This is on the rss feed of my self hostet wordpress-blog, within the <content:encoded> section.

I want to fetch the first Image of an entry to get it together with the title (this works) in my ListBox.

However I tried many things to achieve this, but nothing works.

I am working with the Syndication.dll of Silverlight 3 to extract the feed items.

At the moment I am standing really in front of a wall for this to solve.

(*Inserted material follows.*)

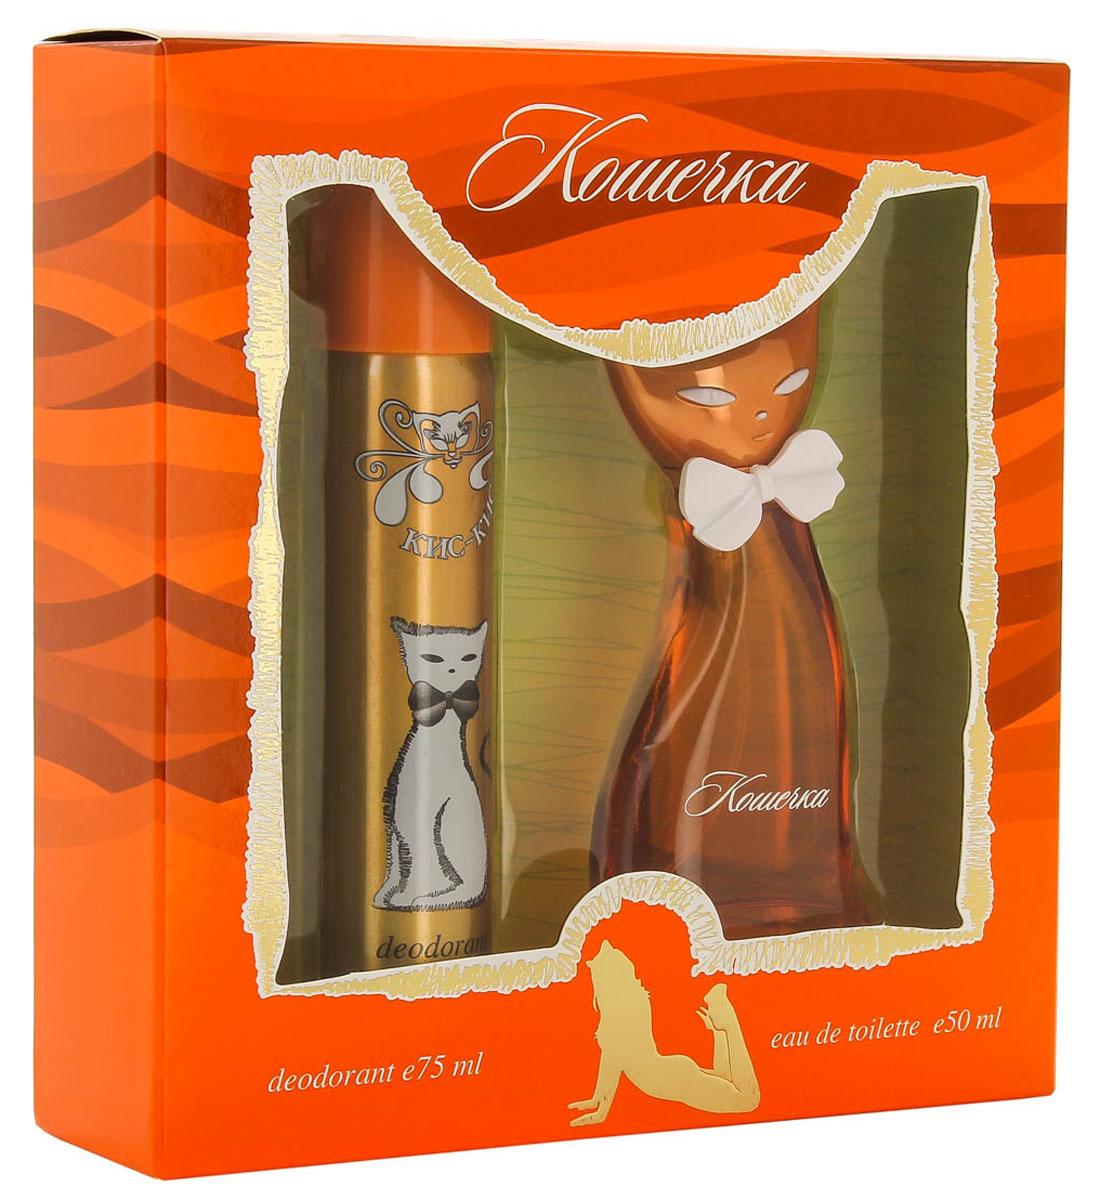 КПК-Парфюм Подарочный набор для женщин Кис-Кис Кошечка: Туалетная вода, 50 мл + Парфюмированный дезодорант, 75 млКПК247КИС-КИС КОШЕЧКА- это аромат для женщин. Верхние ноты: розовый перец, киви и ревень; ноты сердца: жасмин, цикламен и арбуз; ноты базы: мускус, сандал и лимонное дерево.

I am open to any suggestions.

MSicc
  • 329
  • 3
  • 10
  • If you can convert your rss feed to a string on the client side then you only need to parse it to get your Image from it. – BigL Oct 29 '11 at 09:18
  • Maybe this link helps you : http://stackoverflow.com/questions/319591/reading-non-standard-elements-in-a-syndicationitem-with-syndicationfeed – BigL Oct 29 '11 at 09:25
  • i checked your link. this is not what I am searching for. I want to collect a random generated url to an image, to bind an image to this url. currently I am playing around with RegEx to solve this problem. Any idea for this? Thx in advance – MSicc Oct 29 '11 at 12:23
  • That would have been my third option but didn't mention it because it is not easy to understand and create Regex expressions. I never really went deep into Regex so i only can give you links where you can start to learn it. http://www.radsoftware.com.au/articles/regexlearnsyntax.aspx – BigL Oct 29 '11 at 18:21
  • that is so right. Regex is really mighty, but also complex. – MSicc Oct 29 '11 at 20:00

2 Answers2

0

You can use HTML Agility pack http://htmlagilitypack.codeplex.com/ There's a version for Windows Phone (HAPPhone in the trunk). After getting a Document from the content of the post you can get the first img element child of them.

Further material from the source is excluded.